_Work to complete_. Every line of the listing below from the one with "Zapi Zap Trap" up to and including the one with "Христианская газета, газета. 2015 №12 стр.12" should be retyped exactly, and nothing else; pictures are not part of the copy.

_Provided data_.
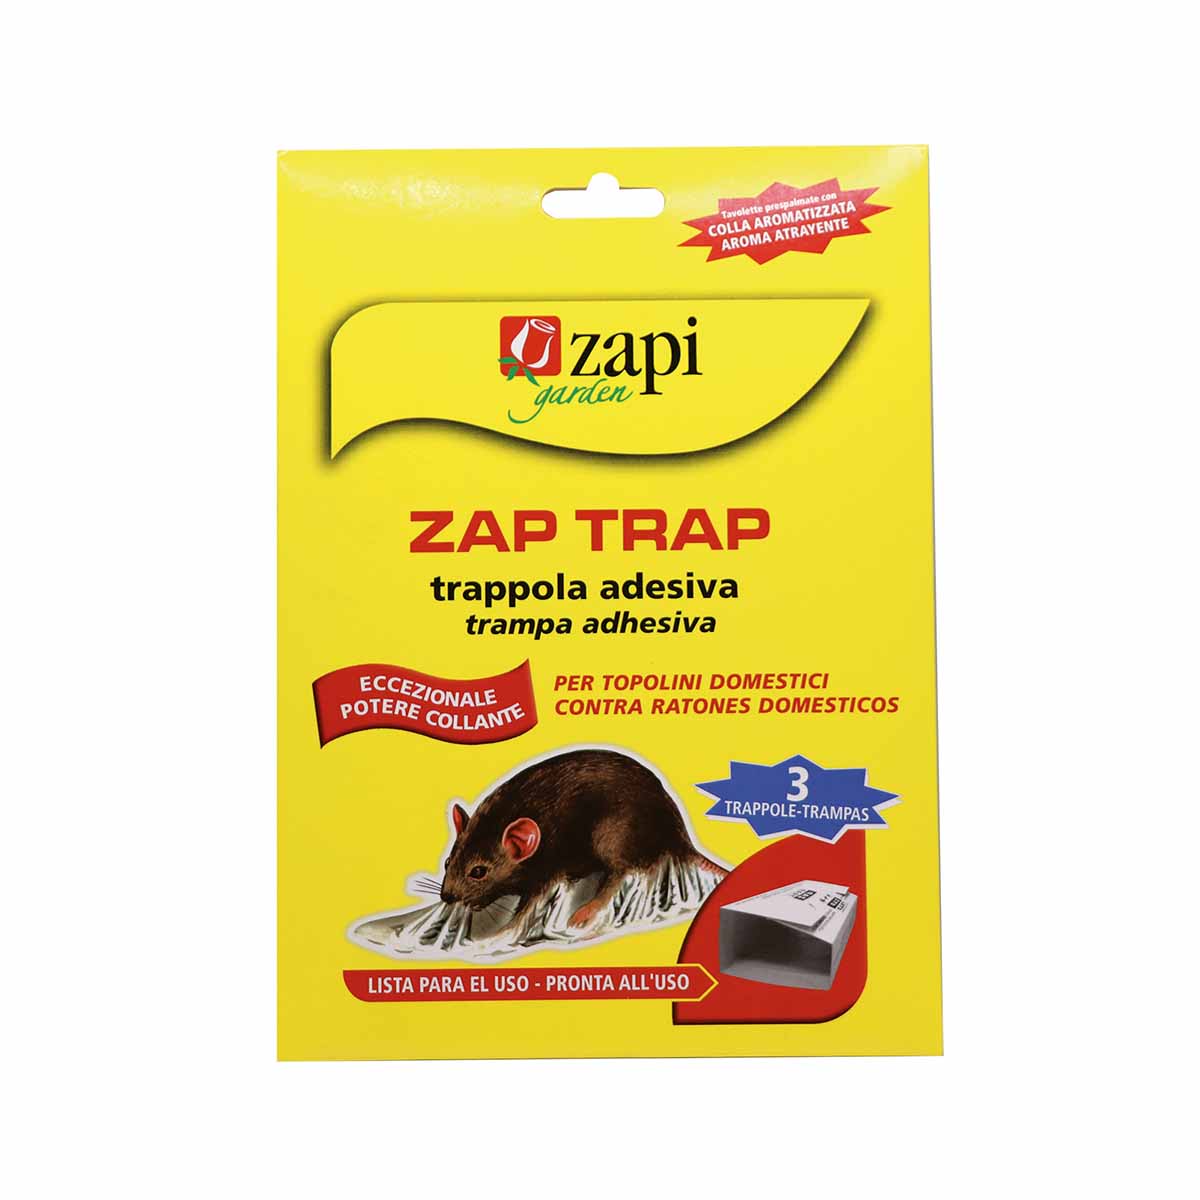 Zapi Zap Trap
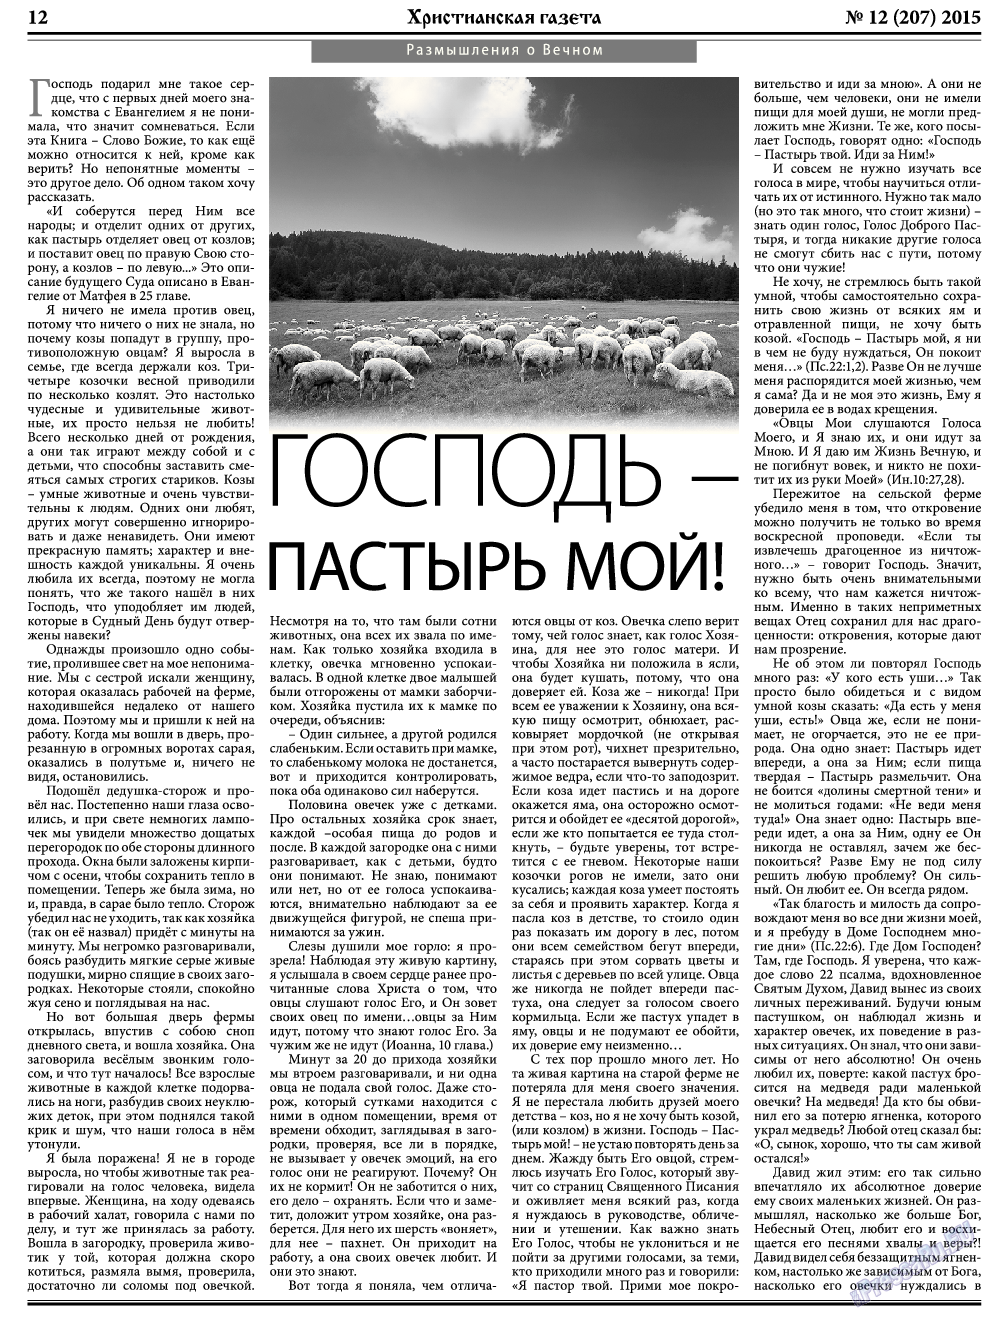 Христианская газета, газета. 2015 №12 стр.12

---

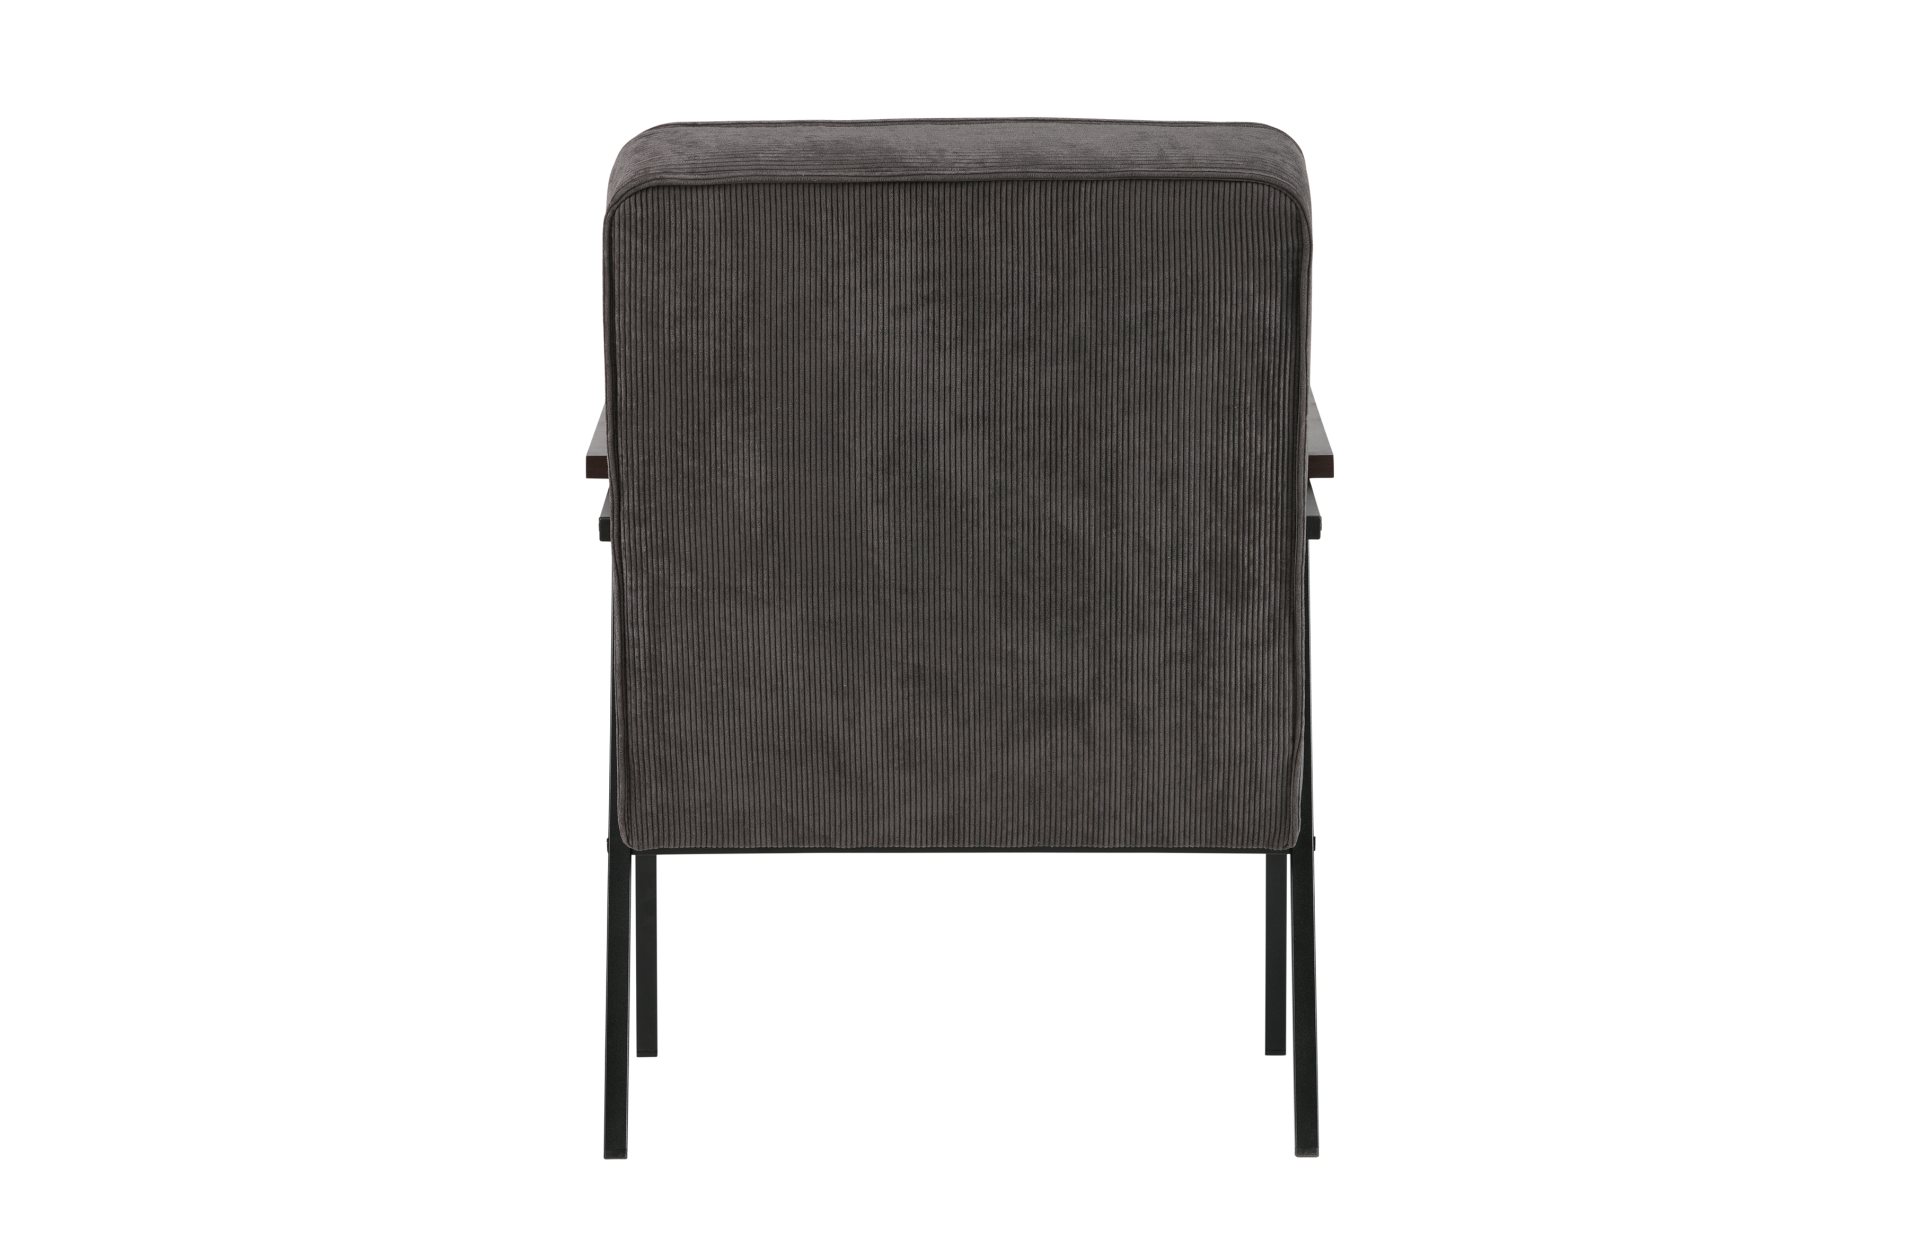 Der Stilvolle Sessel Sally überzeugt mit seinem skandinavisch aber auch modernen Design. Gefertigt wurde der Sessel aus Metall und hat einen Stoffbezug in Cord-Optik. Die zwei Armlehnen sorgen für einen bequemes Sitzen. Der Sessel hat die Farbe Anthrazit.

_Answer below_.
 Zapi Zap Trap
 Христианская газета, газета. 2015 №12 стр.12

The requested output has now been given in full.